▶ [What you have to do] All of the data below is to be repeated exactly, except for the pictures.

+++ Information supplied +++

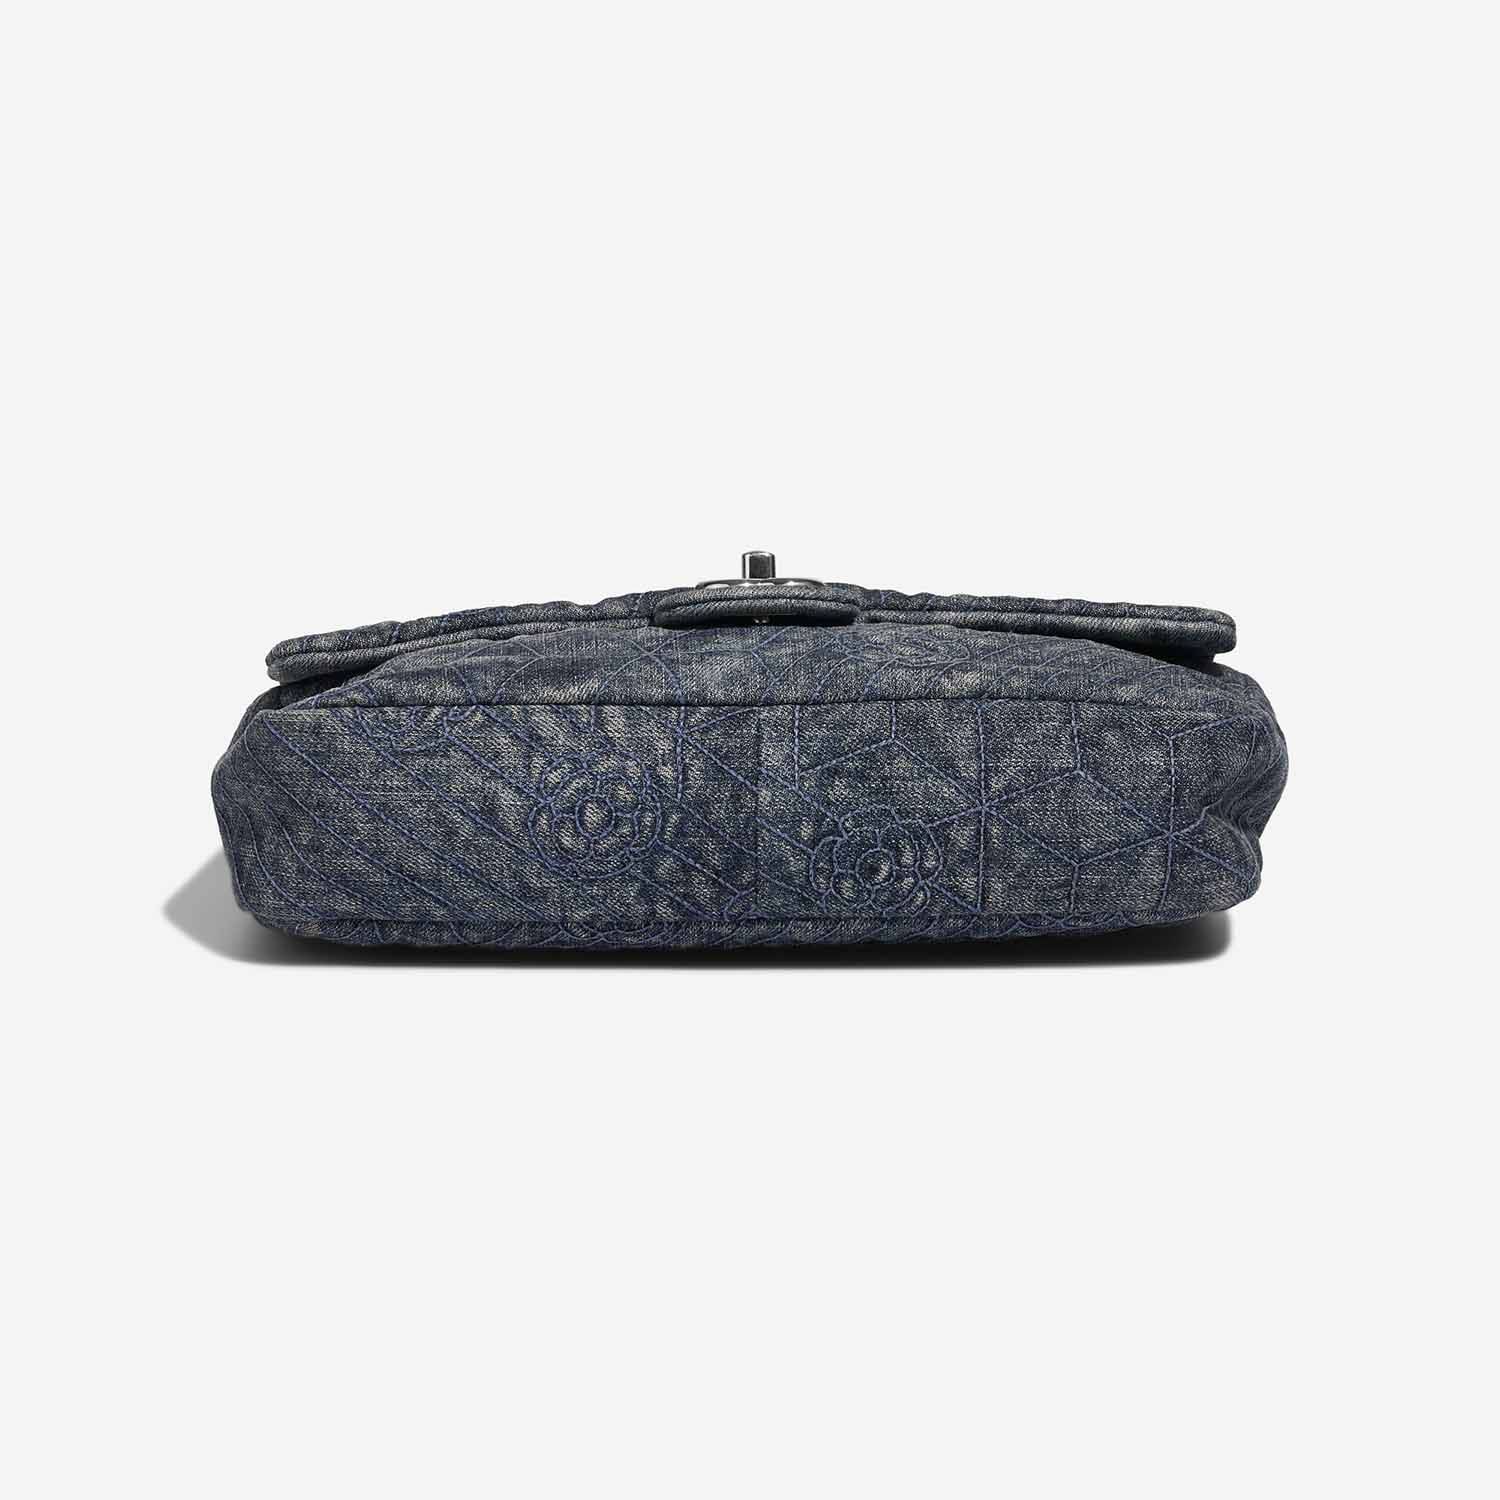 Chanel Timeless Medium Blue Bottom | Verkaufen Sie Ihre Designer-Tasche auf Saclab.com
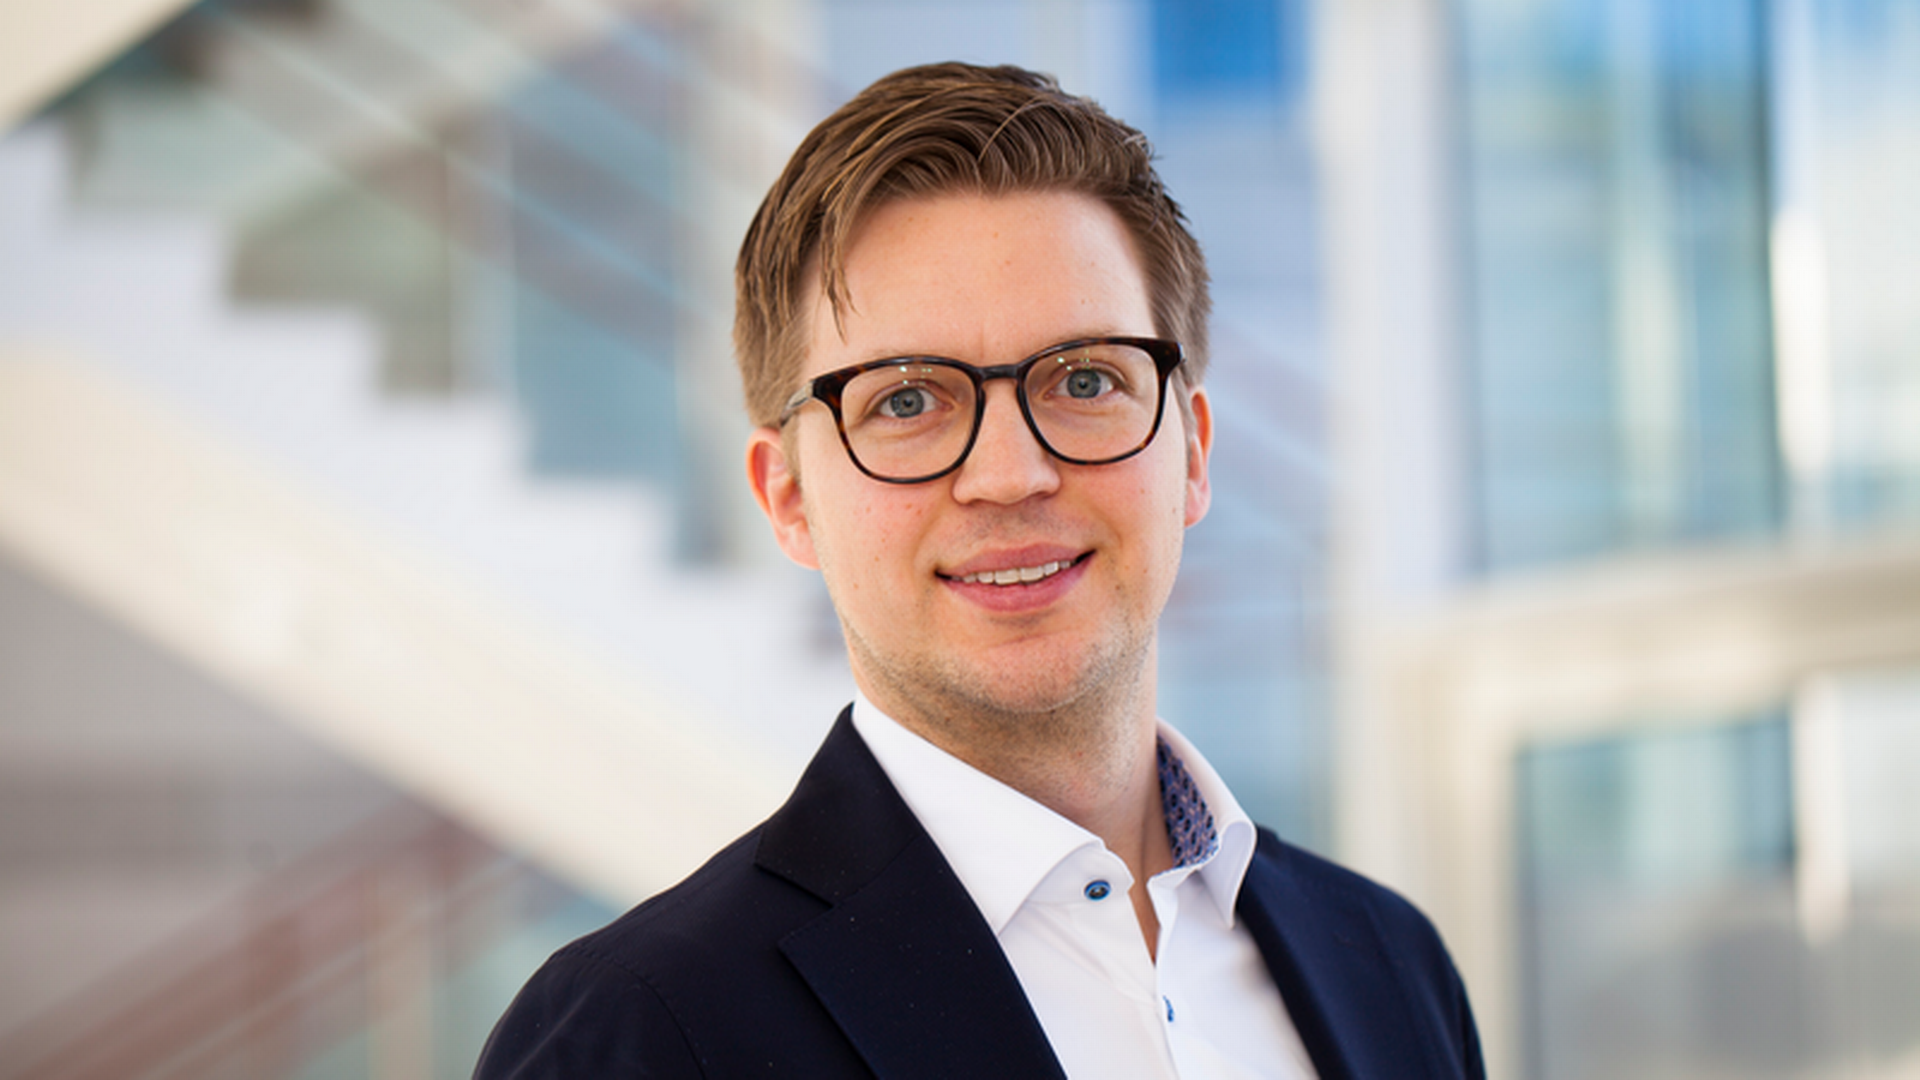 Kristofer Dreiman is the head of responsible investments at Länsförsäkringar. | Photo: Länsförsäkringar / PR
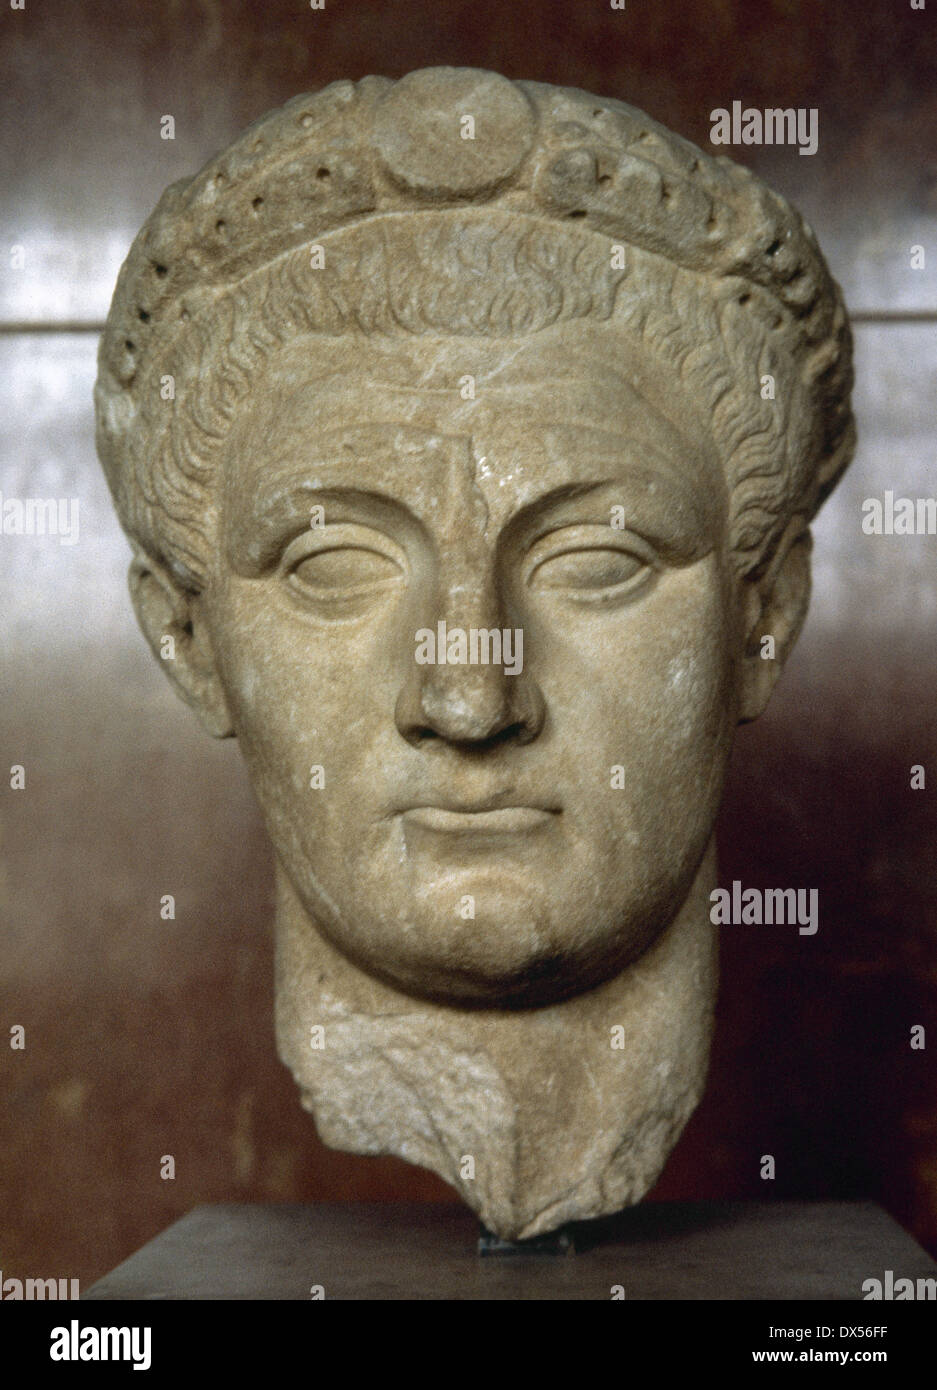 Claudius (10 v. Chr. - 54 n. Chr.). Römischer Kaiser. Julio-Claudia, Dynastie. Idealisierte Büste. Marmor. Von Thassos. Louvre-Museum. Paris. Stockfoto

+++

▶ [Answer space]
 Chanel Timeless Medium Blue Bottom | Verkaufen Sie Ihre Designer-Tasche auf Saclab.com
 Kristofer Dreiman is the head of responsible investments at Länsförsäkringar. | Photo: Länsförsäkringar / PR
 Claudius (10 v. Chr. - 54 n. Chr.). Römischer Kaiser. Julio-Claudia, Dynastie. Idealisierte Büste. Marmor. Von Thassos. Louvre-Museum. Paris. Stockfoto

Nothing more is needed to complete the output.